そもそも家業が医療と無縁であった兄弟揃って東京帝国大学医学部に入学したというのもすごい。当時は戦前ですから有為の青年は「国のために」何程のことが出来るかを考えて進路を決めた面もあったでしょう。帝大であれば医学部=開業ではなかった筈です。愛次郎氏は帝大のバスケットボール部の主将を務めたくらいのスポーツマンで海軍軍医を志望されました。遷子の従軍も本人の希望だったのでしょうか? 少なくとも医局の方針などということはなかったと思われます。この頃の事情が判る部分を引用します。
大学の他科では三年の過程を終え卒業すると、概ねすぐ就職して給料をもらった。しかし医科は四年と長い上、多くは大学の医局で無給助手として数年は勉強しなければならなかった。昔は医者になるには経済上は苦しくて、世上でも儲かるなどという話はなかった。兄も同様東大島園内科に無給で勤めていたので、私まで家計に負担をかけることは無理だと思った。
ここにもある通り、当時の医院開業は決して楽ではなかったようで、その後の相馬医院経営もしばらくは大変だったようです。先日誌上で問題になった開業当初の遷子の郷里に対する鬱屈した気分を、同じような境遇の愛次郎氏が語った部分がありますので引用してこの稿を終えたいと思います。

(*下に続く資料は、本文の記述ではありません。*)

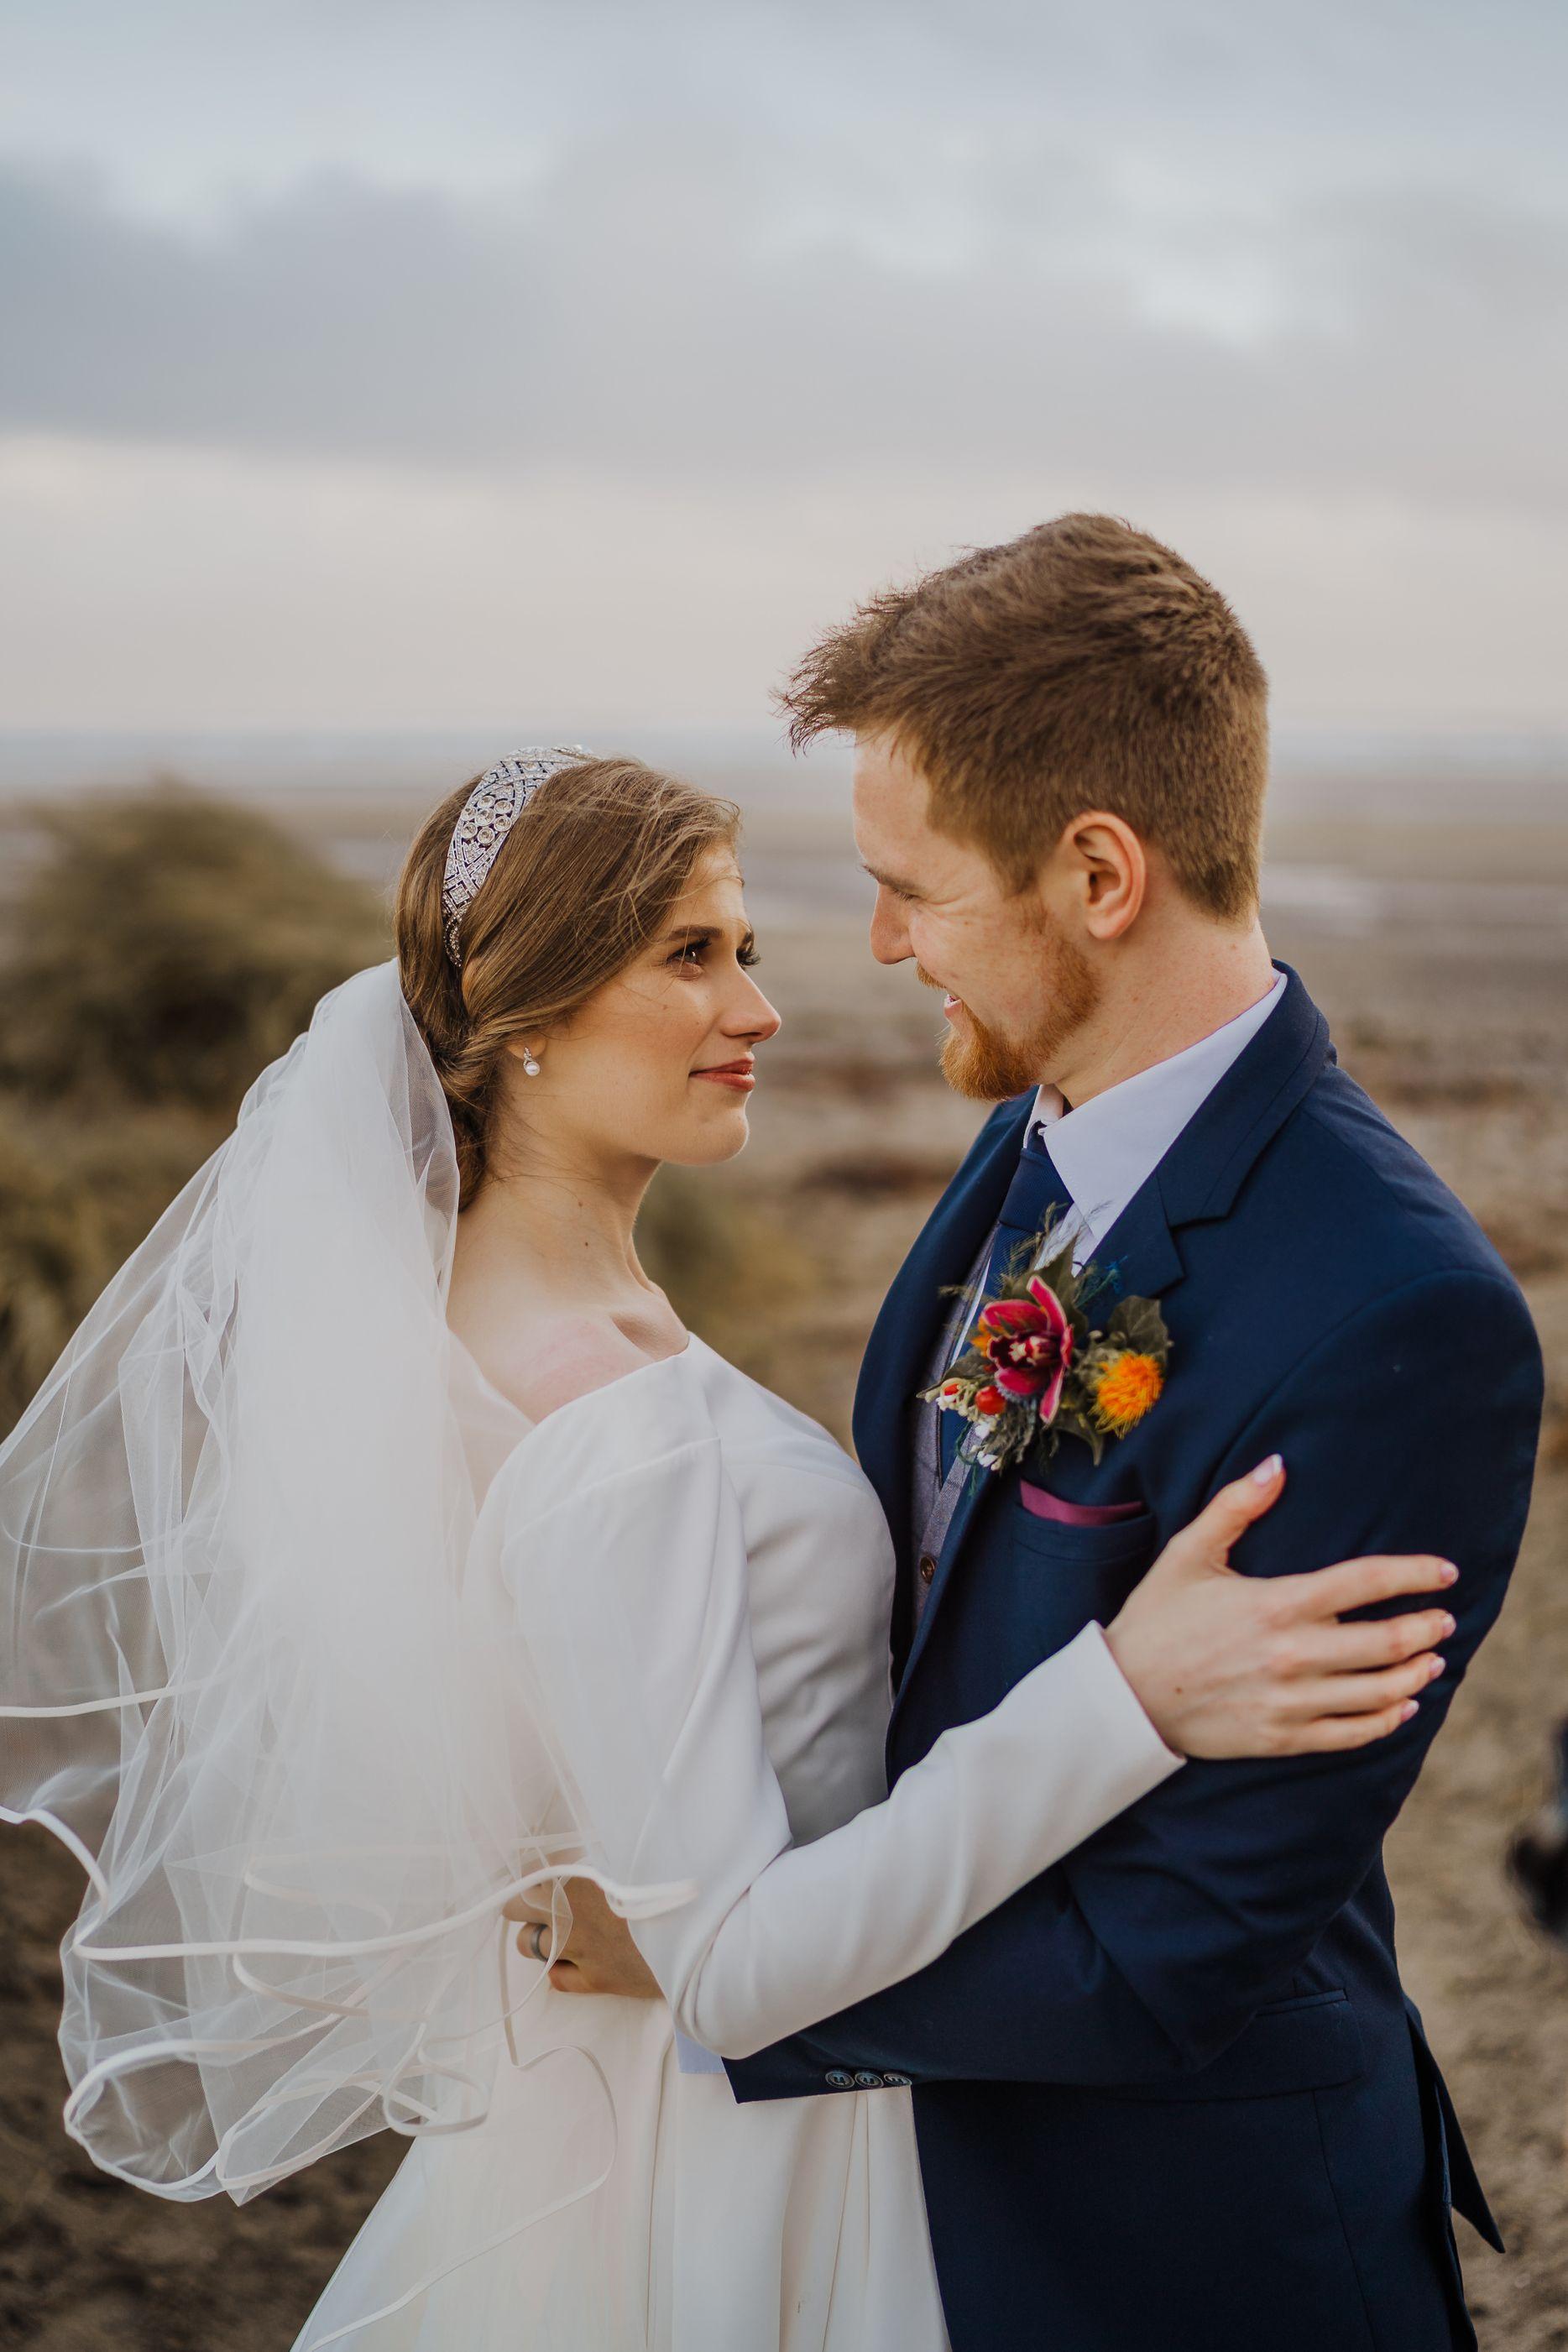 tiffany gage photography tiffany gage wedding photograper northern ireland 40025

終戦後の焦土から立ち上がった東京は、騒然としていたが活気があった。久しぶりに見る郷里は、平穏で淋しさがただよっていた。この地からは悲運にも沖縄へ出征した為、多くの戦死者があった。軍医だったご主人を亡くされた女医も居られた。それで三十年振りに医師二人揃って帰郷した私たちを、当初周囲は必ずしも温かくは迎えてくれなかった。

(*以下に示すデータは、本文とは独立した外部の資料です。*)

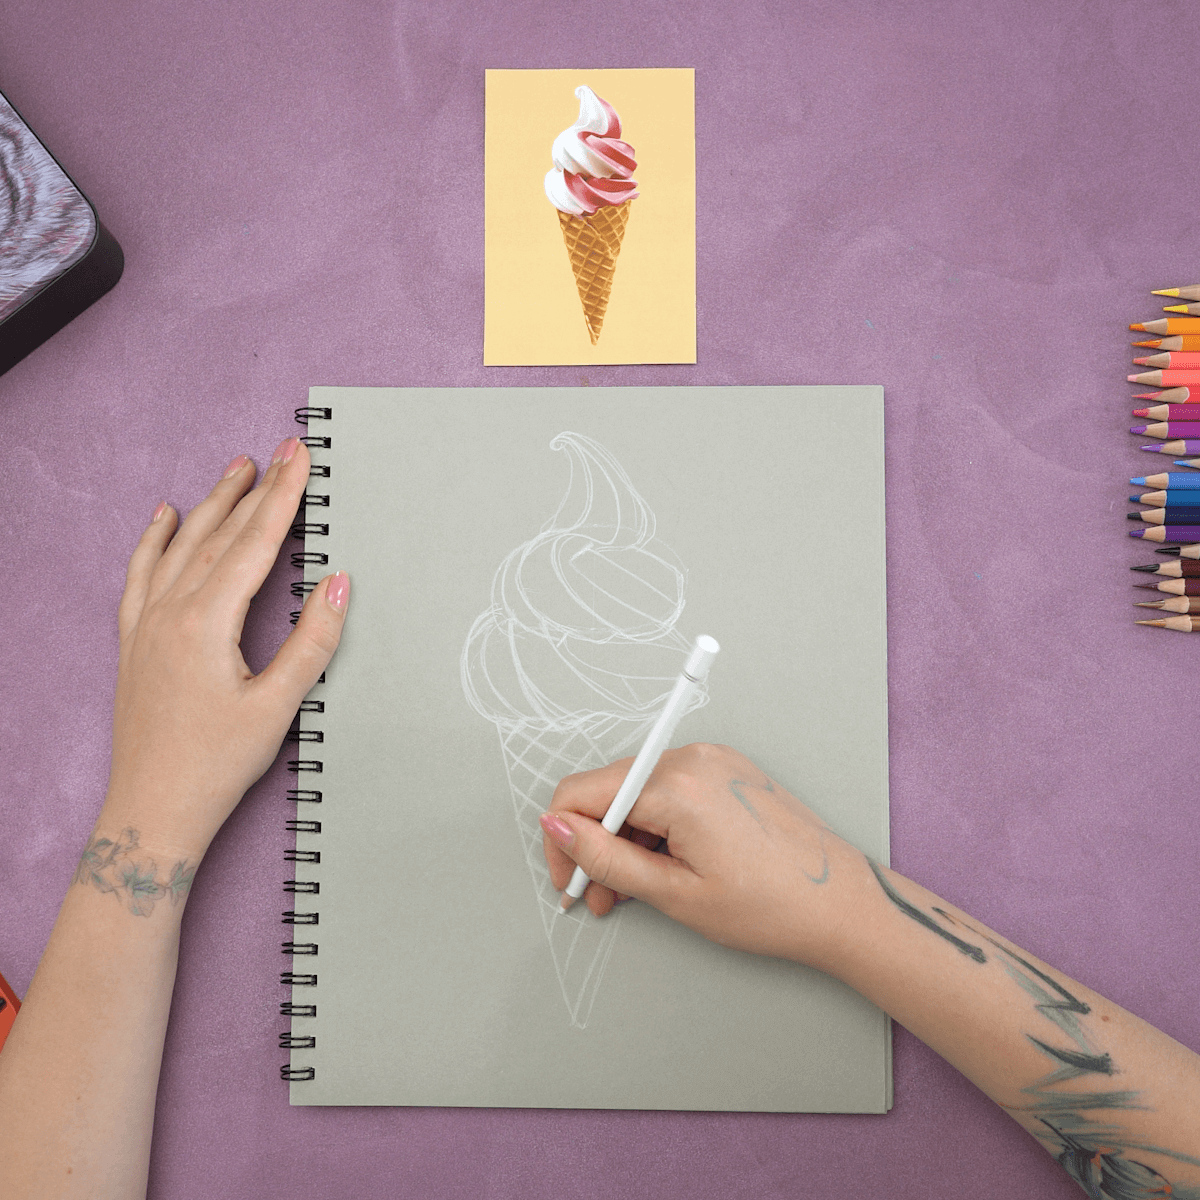 Ice Cream Cone Drawing Step 3

兄は元来、蒲柳の質ながらも中国に従軍し、私は歴戦し別述の如く戦病を負ったこと等は人の知るところではなかった。
当時は戦後の物資・食糧が欠乏し、庶民は概ね貧乏で気持ちがすさび、一番苦しい時期でもあった。(中略)
そして医療保険もないので、人々は病んでもよほど重くならないと、医者にかかることはなかった。近年、患者の中で最も多い高血圧症などでかかることはなく、脳卒中をおこして初めて往診をたのまれたものである。

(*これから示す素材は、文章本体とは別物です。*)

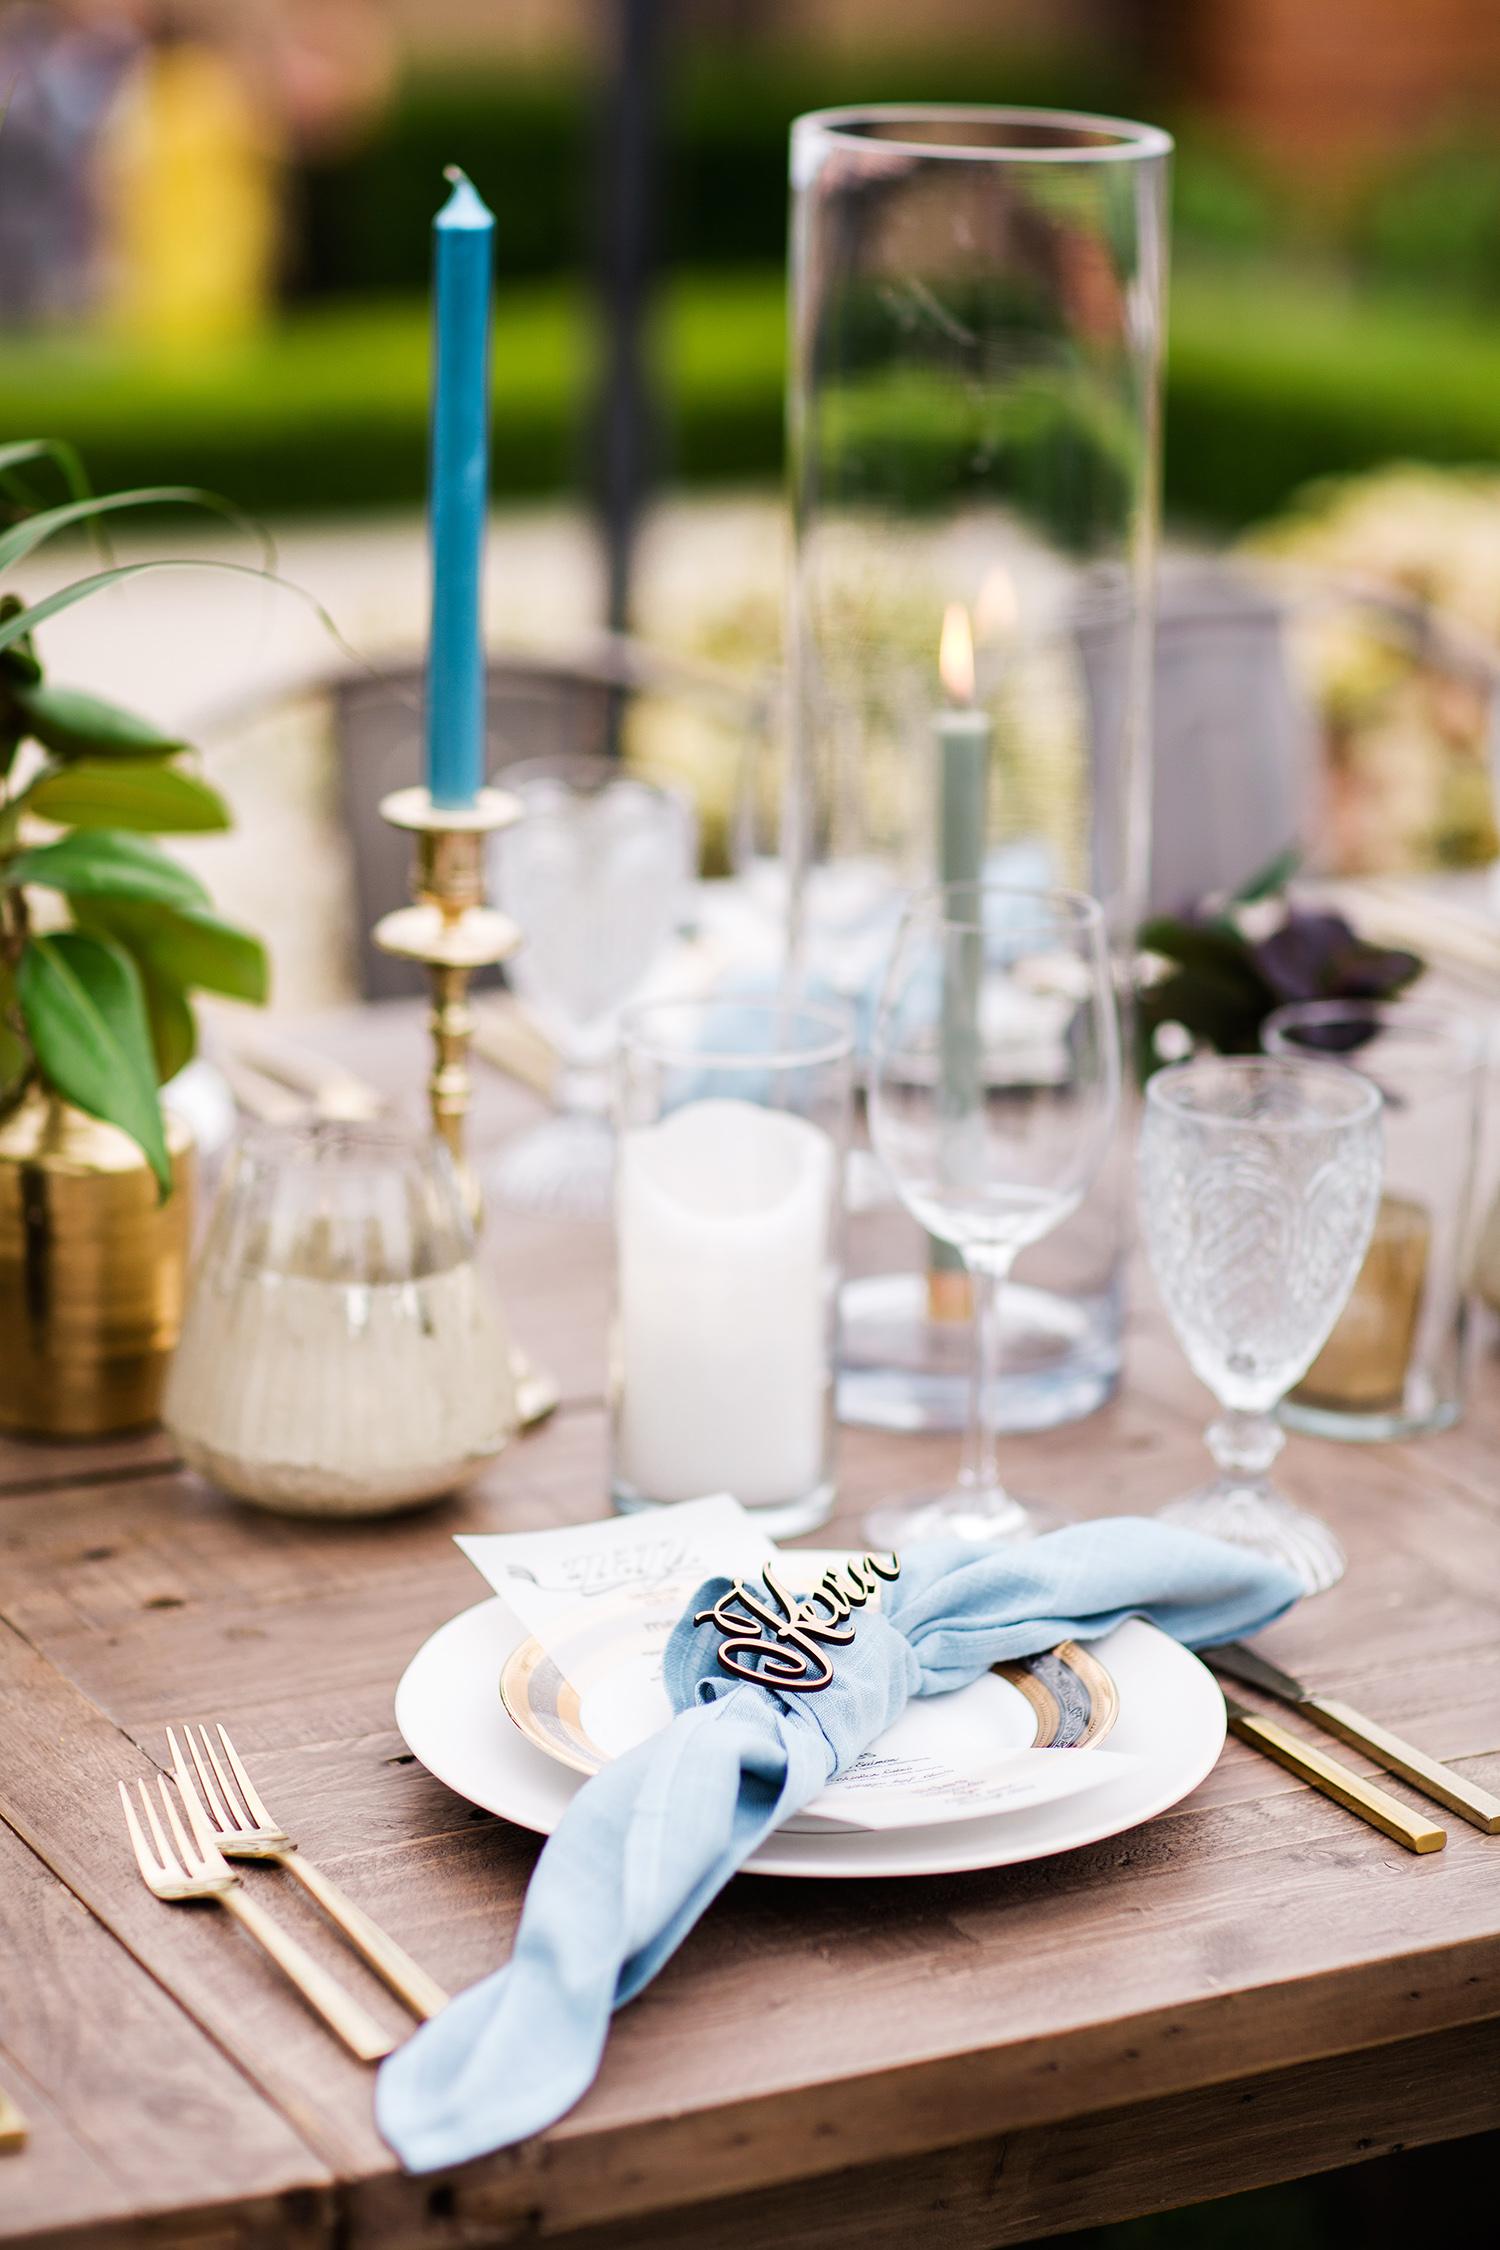 david tim wedding place setting

さらに少し付け加えておくと、この後愛次郎氏は結核が重くなり昭和28年12月から31年春まで清瀬の東京療養所に入所します。波郷が入所する10年位前ということになりましょうか。
(筑紫:仲さんから非常に興味深いお話を送っていただきました。私がよく分からないといって問題提起していた、なぜ遷子は佐久で開業医になったのか、特に不満や鬱々たる心情を持ちながら開業医を続けた理由が分からないという質問に対する答えになっているようです。)